Rede auf der Bahnlärm-Demo in Koblenz, 3. September 2016

Liebe Mitstreiterinnen und Mitstreiter,

vorgestern bin ich erst sehr spät nach Hause gekommen, gegen zwei Uhr Nachts, und auf dem Nachhauseweg fuhr ein Güterzug an mir vorbei. Unendlich lang. Und unendlich laut. Was ich aber besonders krass fand, dass in diesem langen Zugverbund nicht mal die Hälfte der Güterwaggons mit leisen Bremsen ausgestattet waren. Und was noch der Gipfel war: Die lautesten Wagen waren nicht einmal beladen – und die machten etwa ein Viertel des ganzen Zuges aus.

Das muss man sich mal vorstellen: Da fährt ein Zug nachts durch das Rheintal, zu einem Viertel leer, macht aber einen Riesenkrach – jemandem, der sich mit Digitalisierung sehr intensiv befasst wie ich und weiß, was logistisch alles möglich ist, muss man diesen Unsinn erst mal erklären!

Ja, es tut sich was: Die Waggons werden nach und nach umgerüstet. 22 % der Wagen haben bereits leise Bremssohlen. Aber es sind eben erst 22 %.

Ich kann verstehen, dass Sie, die Sie hier tagtäglich unter Lärm und Erschütterungen leiden, keine Geduld mehr haben.

Ich habe auch keine Geduld mehr. Der Bundesverkehrsminister kündigt alle paar Monate was Neues an: Ende 2015 sollte ein Gesetz zu Betriebsbeschränkungen für laute Güterwagen vorliegen. Jetzt, ein Dreiviertel Jahr später, warten wir immer noch drauf. Dafür soll es aber eine Innovationsprämie geben – wie auch immer die aussehen soll. Kurz danach kündigte Dobrindt eine neue Strategie Leise Schiene an.

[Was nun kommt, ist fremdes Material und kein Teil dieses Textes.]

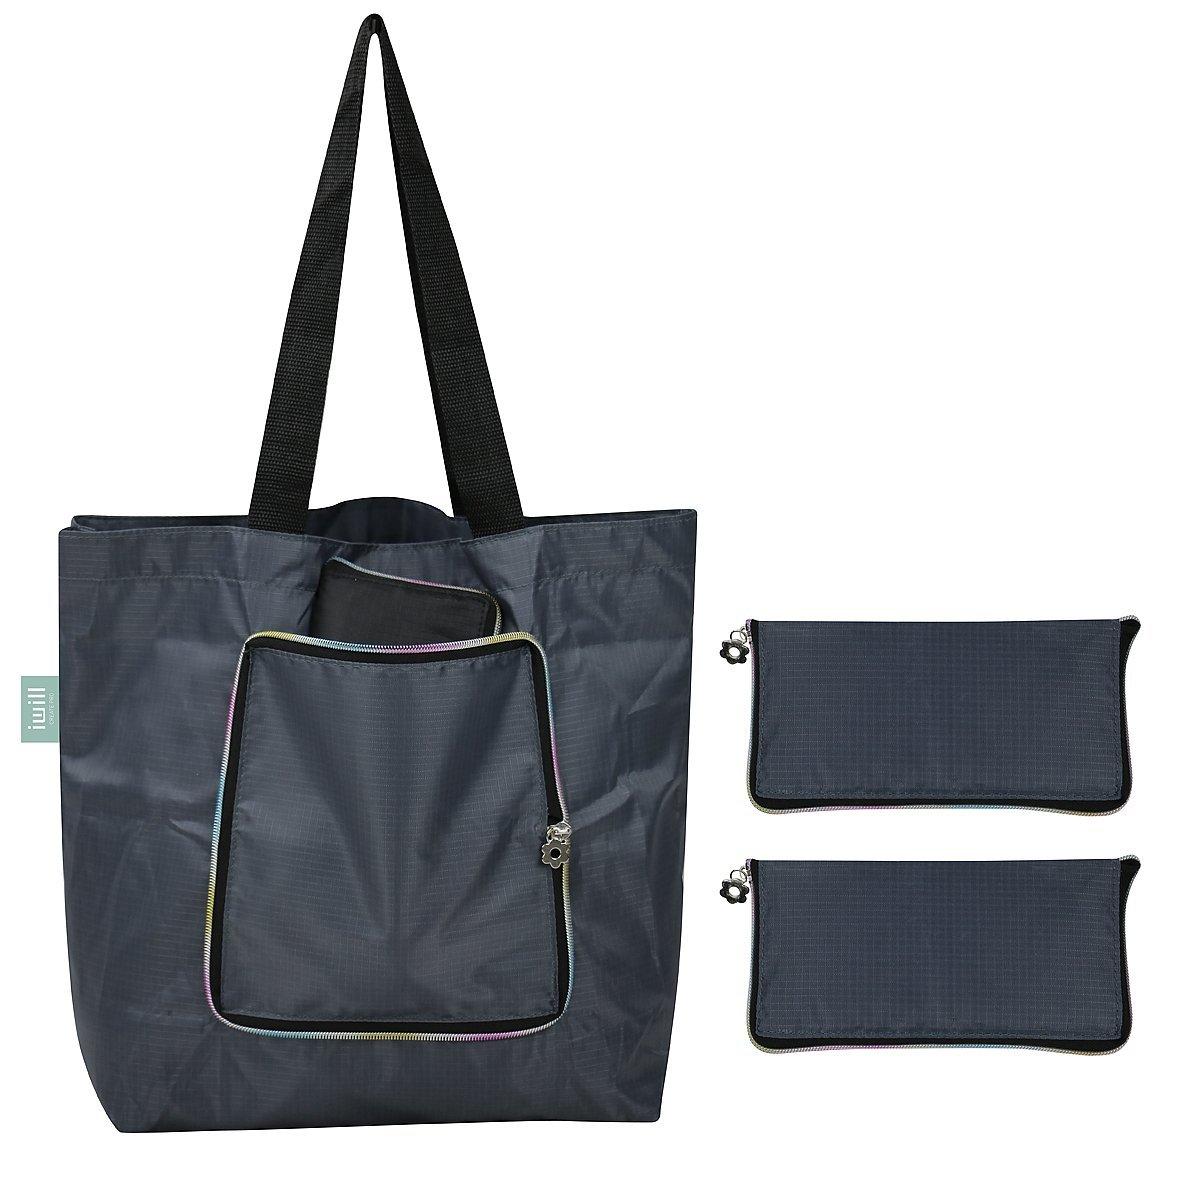 Sac bandoulière léger en polyester, sac à bandoulière, sac à bandoulière, paquet de 2, gris foncé I WILL

Wir brauchen aber keine Ankündigungen mehr, sondern Taten. Wir brauchen ein Gesetz, dass dafür sorgt, dass laute Güterwagen draußen bleiben.

Und wir brauchen einen Plan, wo denn die ganzen Güterzüge aus Genua oder Rotterdam langfahren sollen.

Es ist daher wichtig, dass Sie heute hierher gekommen sind und demonstrieren. An einigen Orten gehen Sie sogar jeden Monat auf die Straße. Dieser Protest ist notwendig, um Druck zu machen. Wir Politiker brauchen diesen Druck von der Straße. Denn wir können diesen Protest als wichtiges Pfund mit in die Verhandlungen nehmen. Wir tragen den Protest in die Parlamente und können so auf die Verantwortlichen in den Ministerien Druck machen.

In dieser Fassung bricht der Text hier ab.